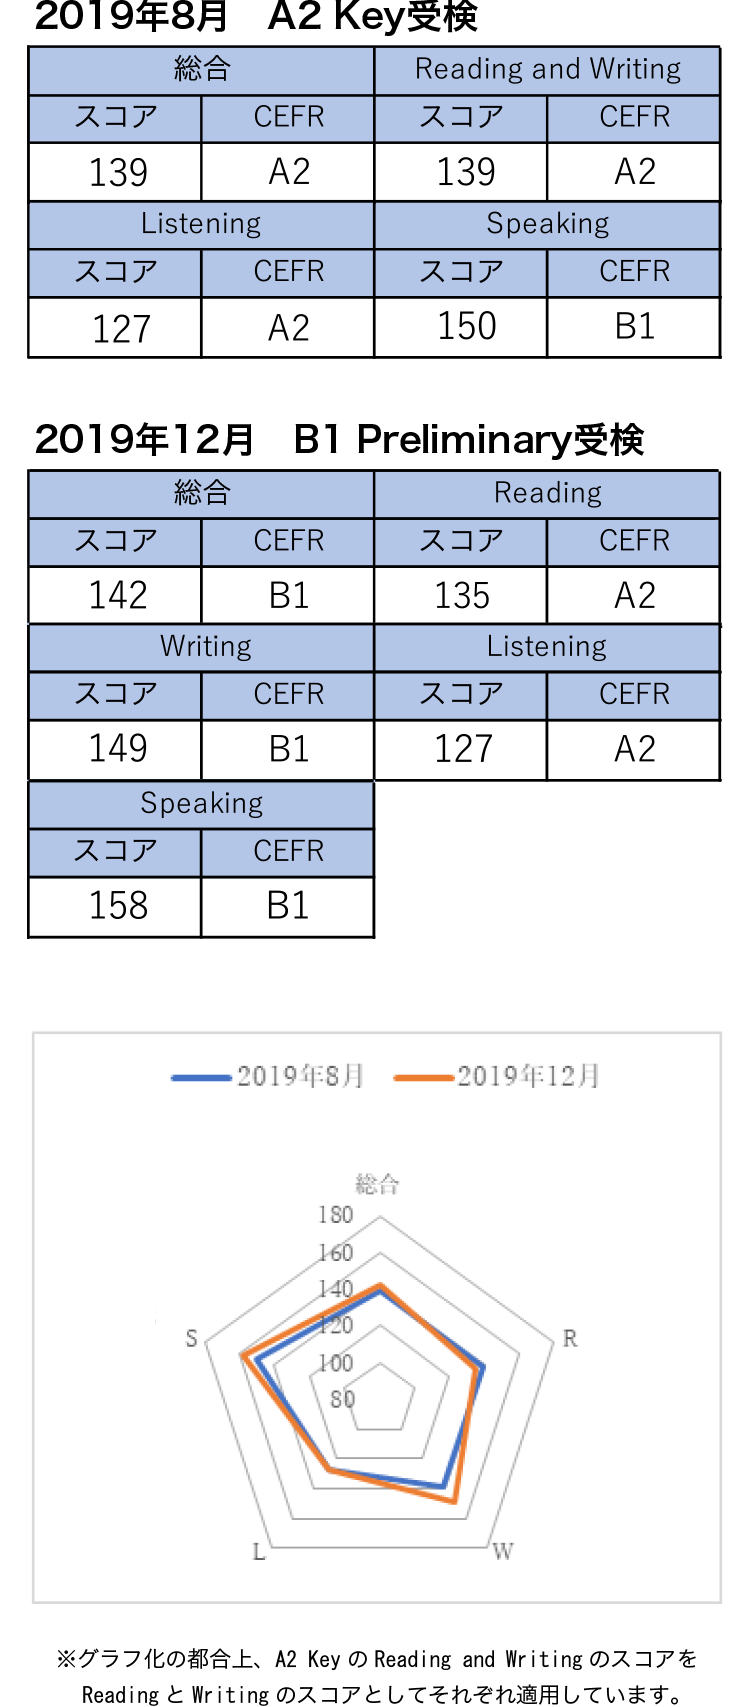 ケンブリッジ英語検定 2019年8月 A2 Key受検 2019年12月 B1 Preliminary受検 成績
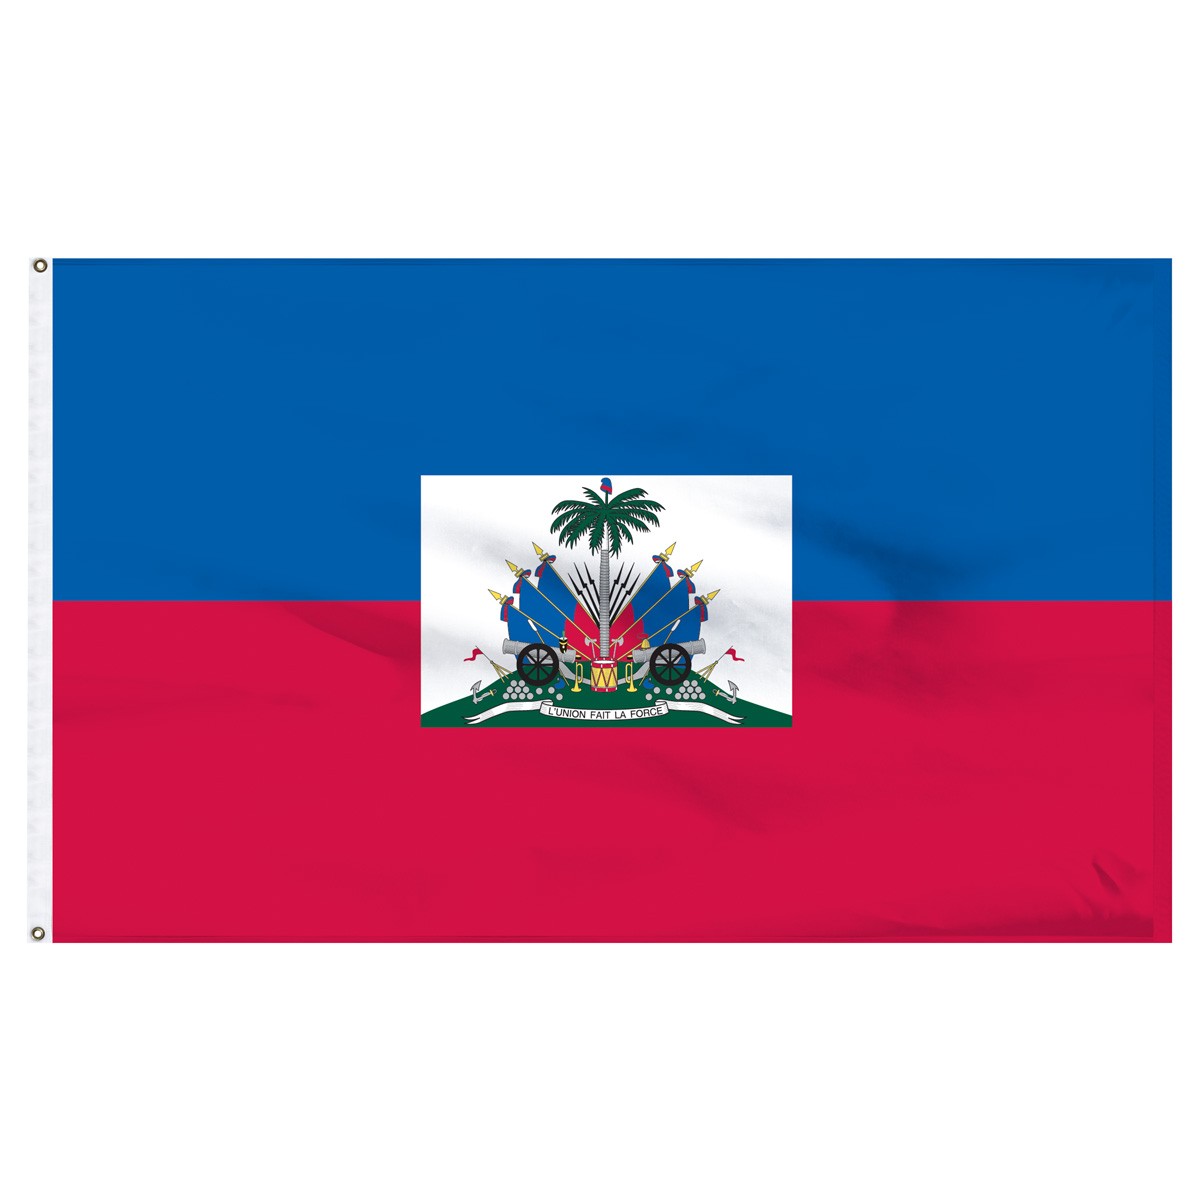 Haiti Beach Flag and Sailing Flag
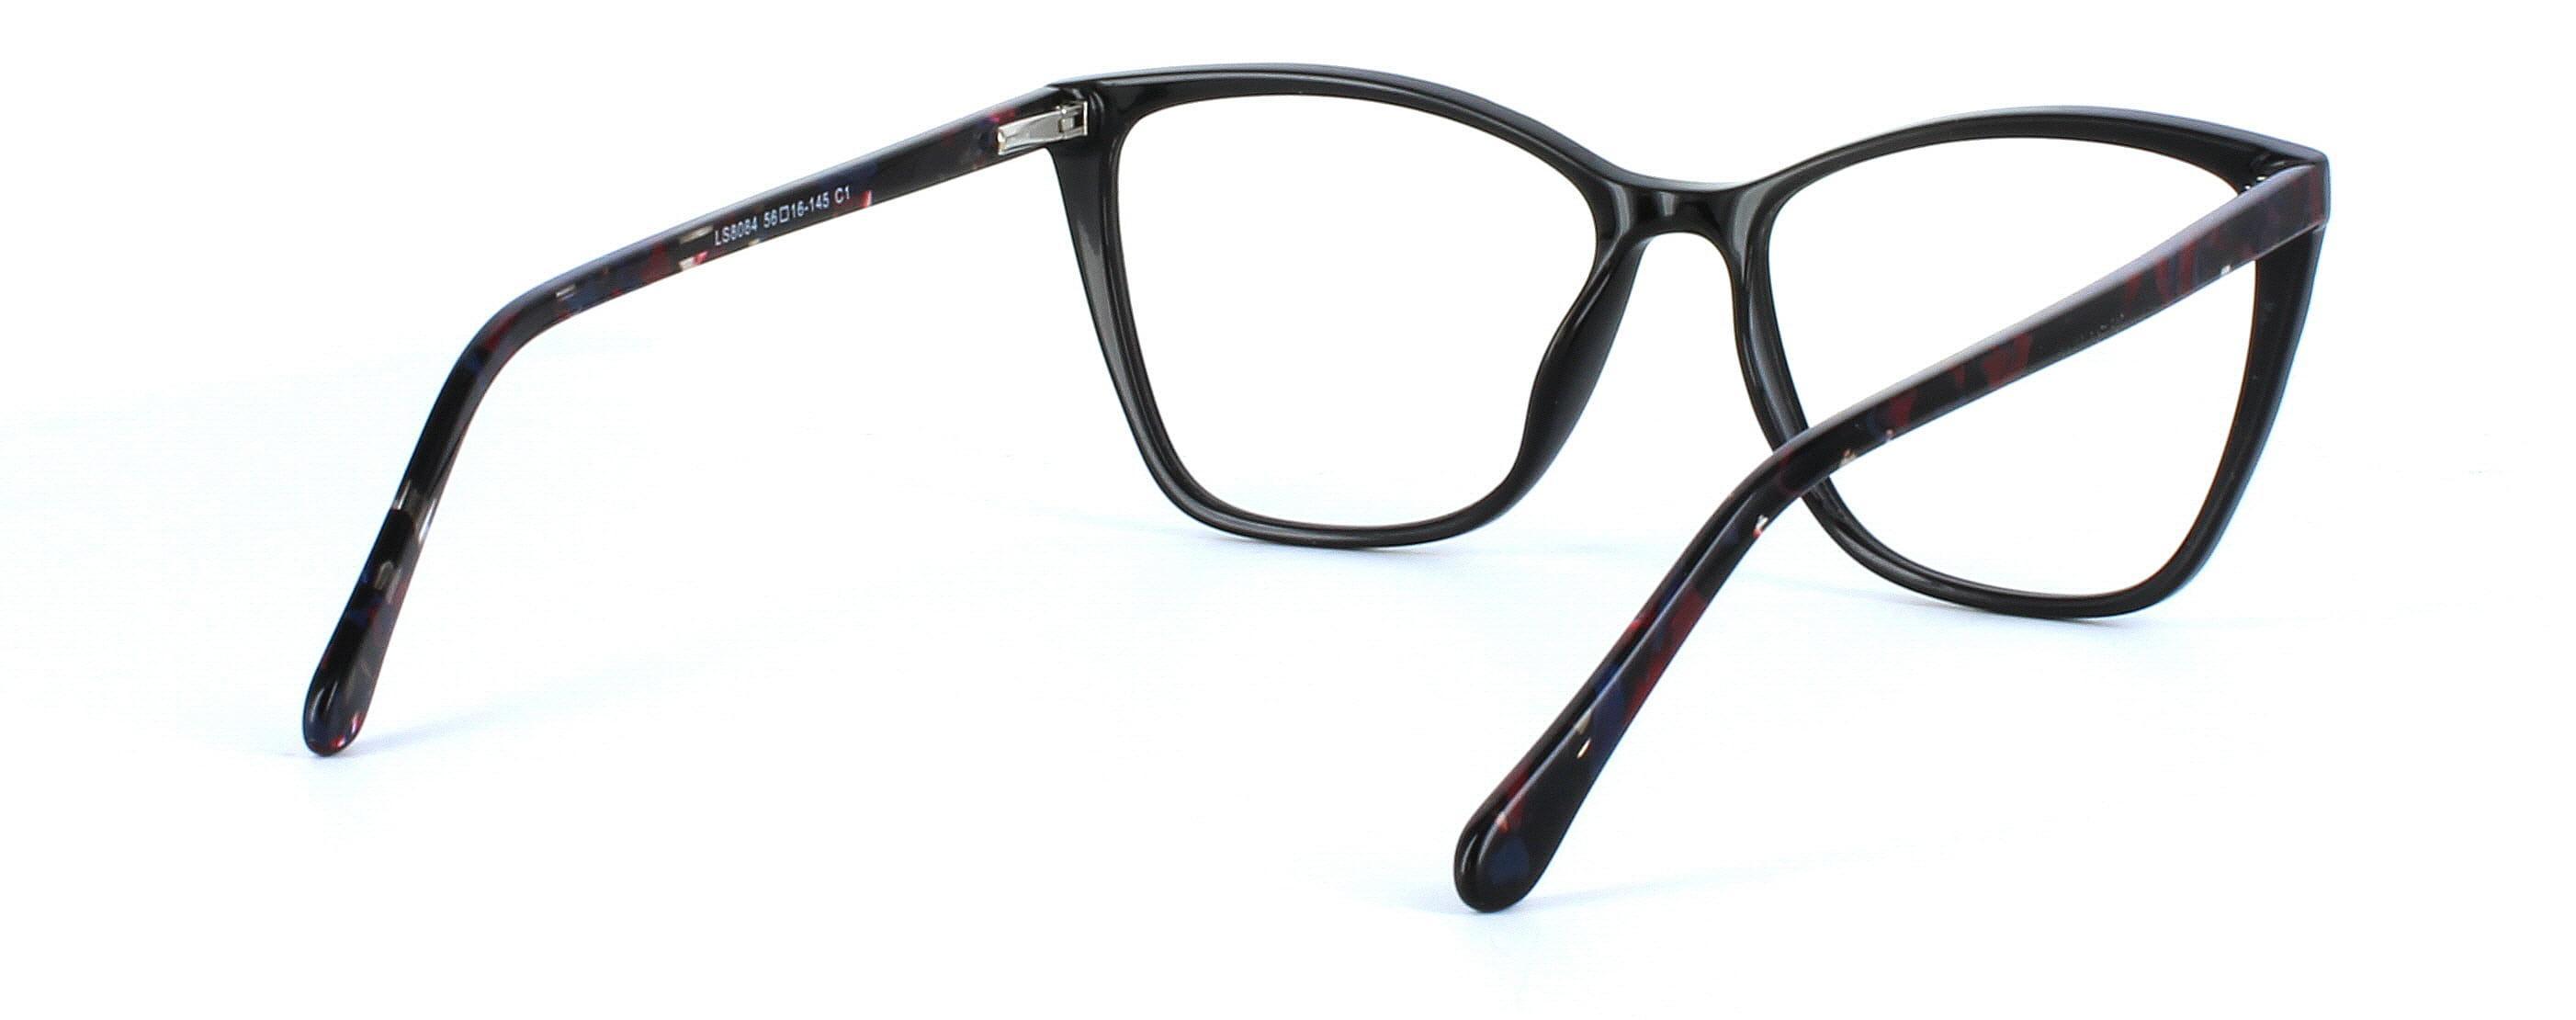 Cetus - ladies cat eye shaped glasses frame in black - image 4

________

Reproduce the full listing above verbatim, with no pictures included.

 ケンブリッジ英語検定 2019年8月 A2 Key受検 2019年12月 B1 Preliminary受検 成績
 Haiti Beach Flag and Sailing Flag
 Cetus - ladies cat eye shaped glasses frame in black - image 4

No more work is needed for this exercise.